### Collected data
######
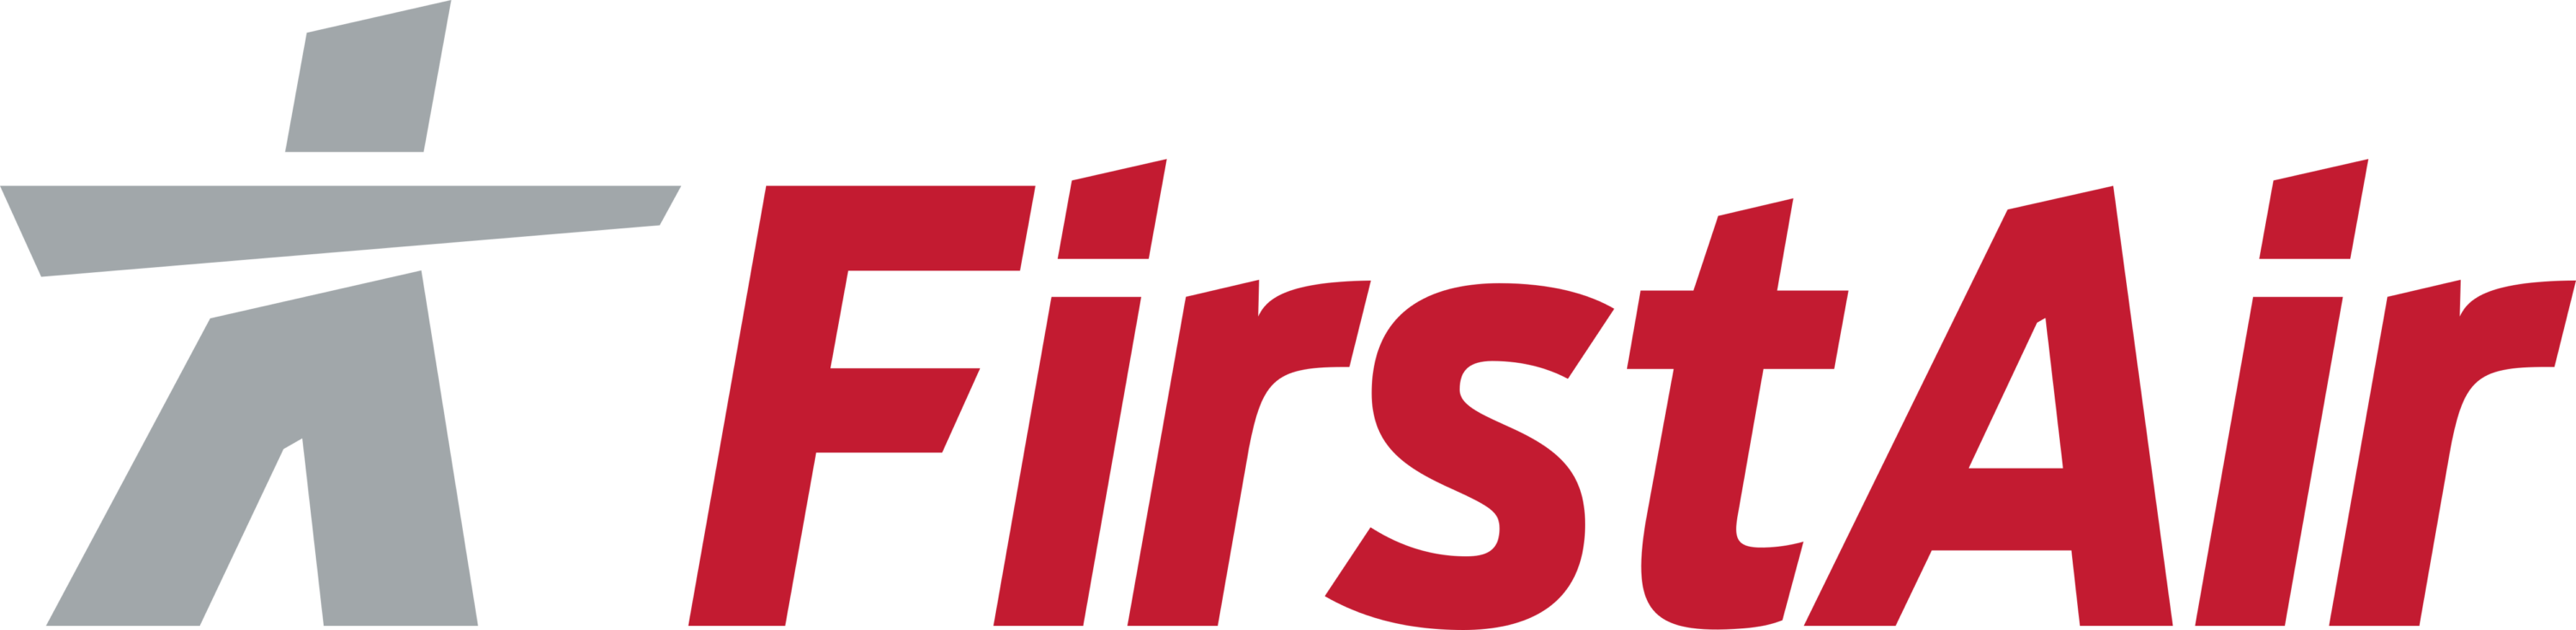 First Air Logo
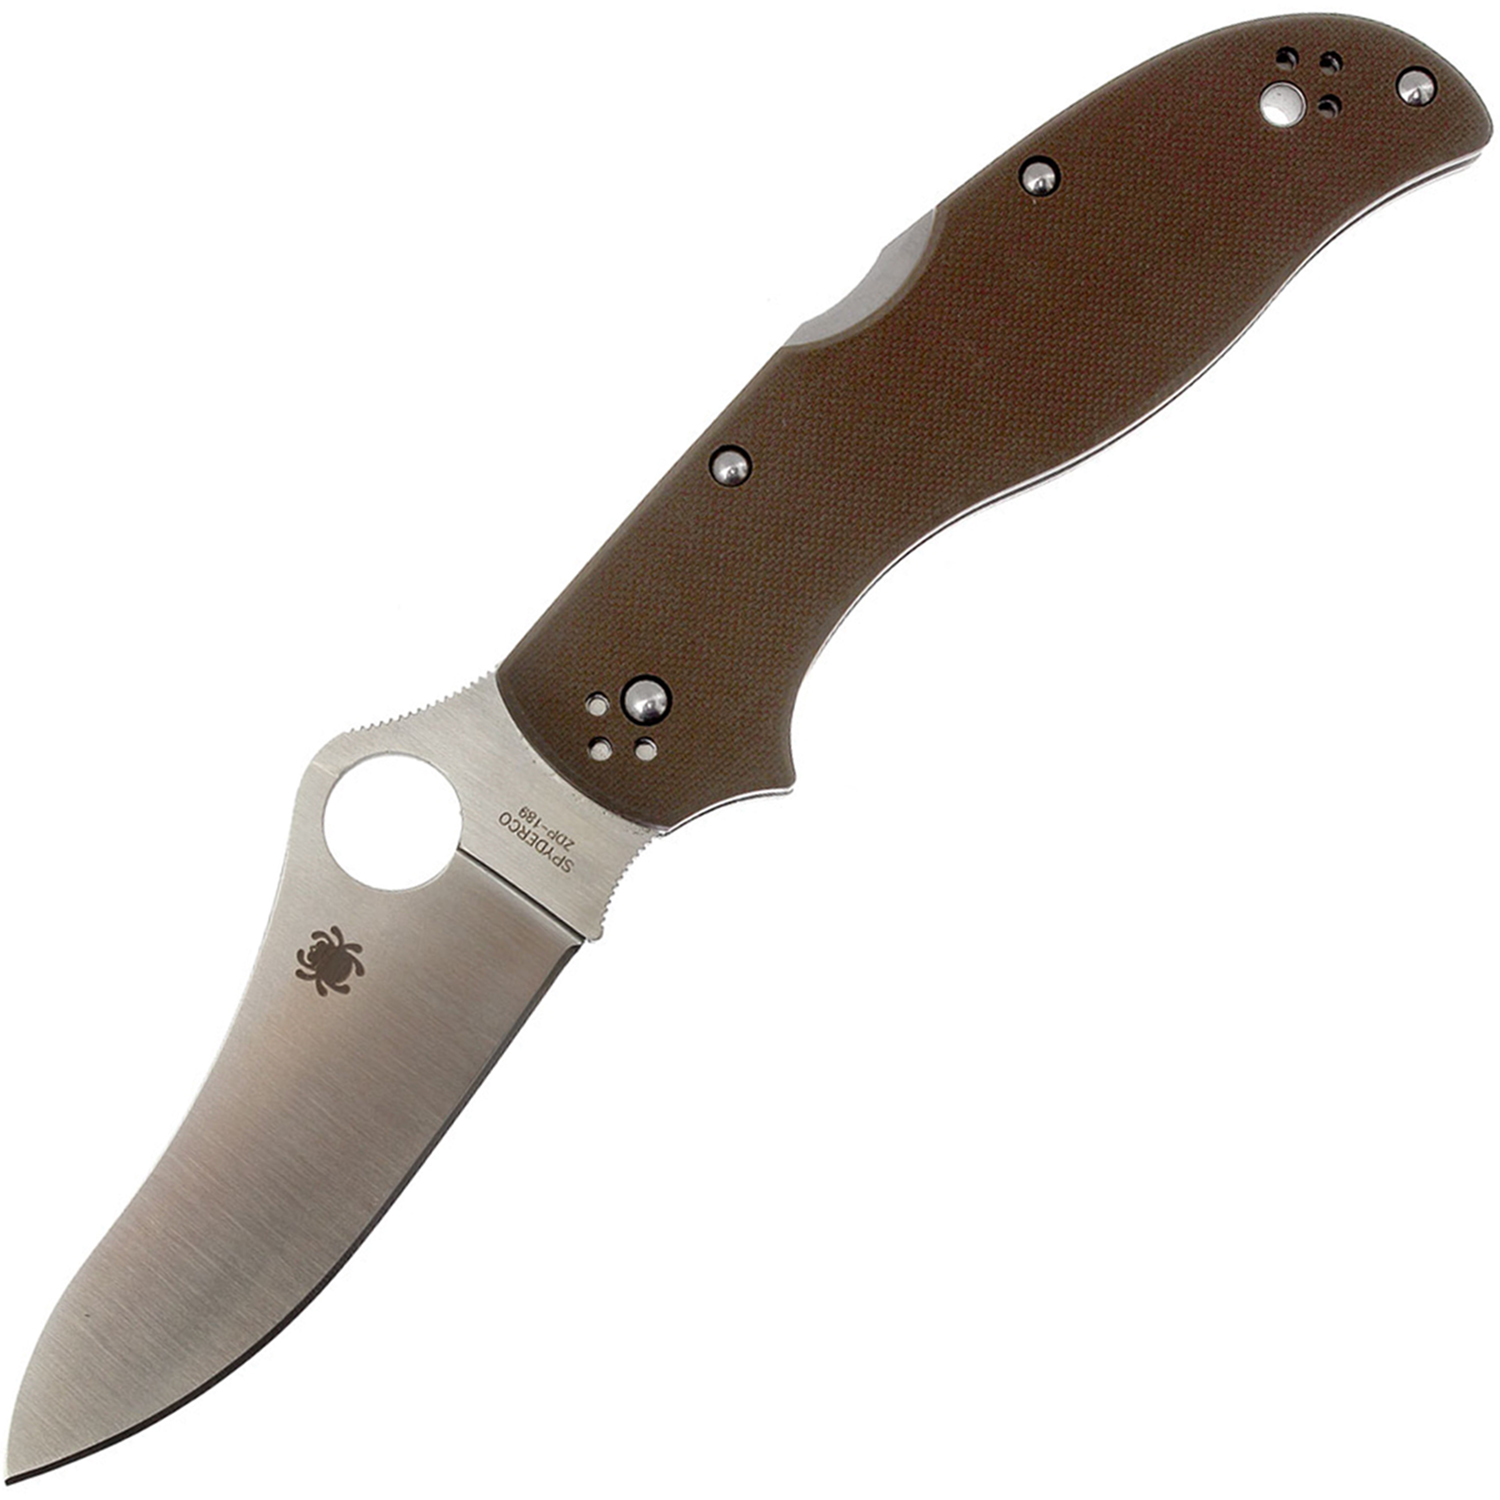 Нож складной Stretch 2 Spyderco 90GBNPE2, сталь ZDP-189 Satin Plain, рукоять стеклотекстолит G10, коричневый - фото 1
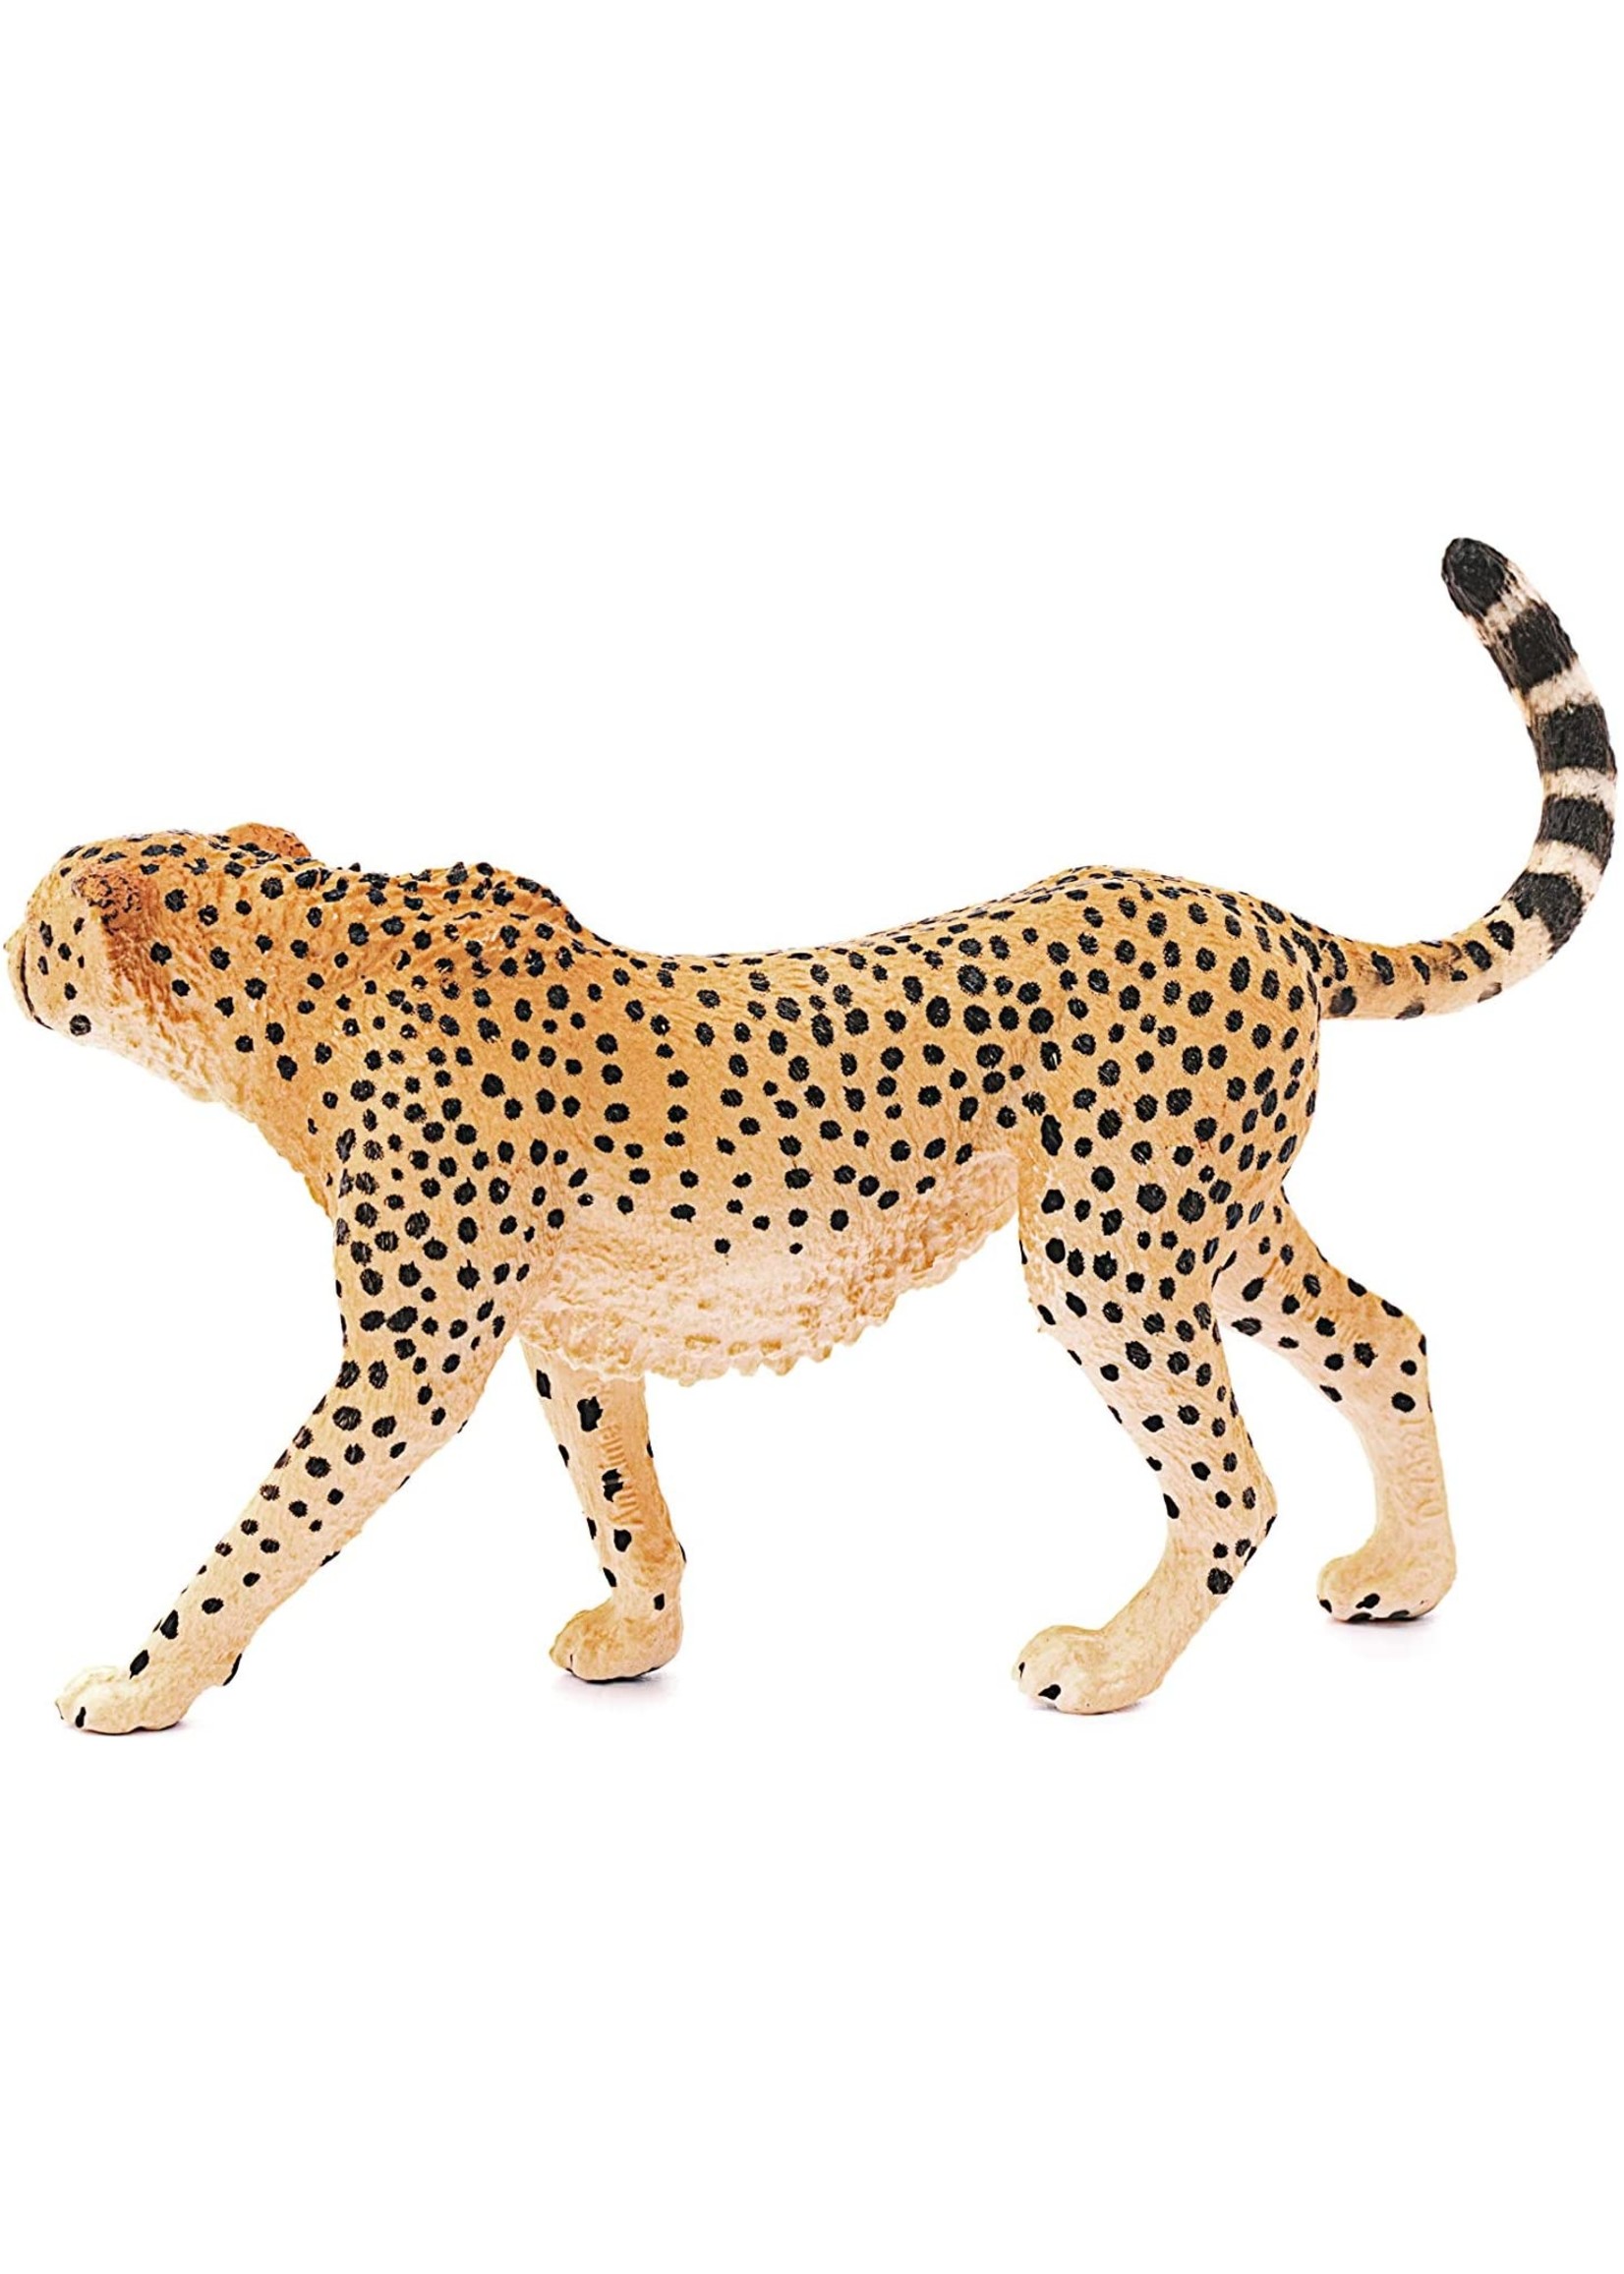 Schleich 14746 - Cheetah, Female
######
### Exercise details
Transcribe the listing exactly, skipping pictures.

### Task response
 First Air Logo
 Нож складной Stretch 2 Spyderco 90GBNPE2, сталь ZDP-189 Satin Plain, рукоять стеклотекстолит G10, коричневый - фото 1
 Schleich 14746 - Cheetah, Female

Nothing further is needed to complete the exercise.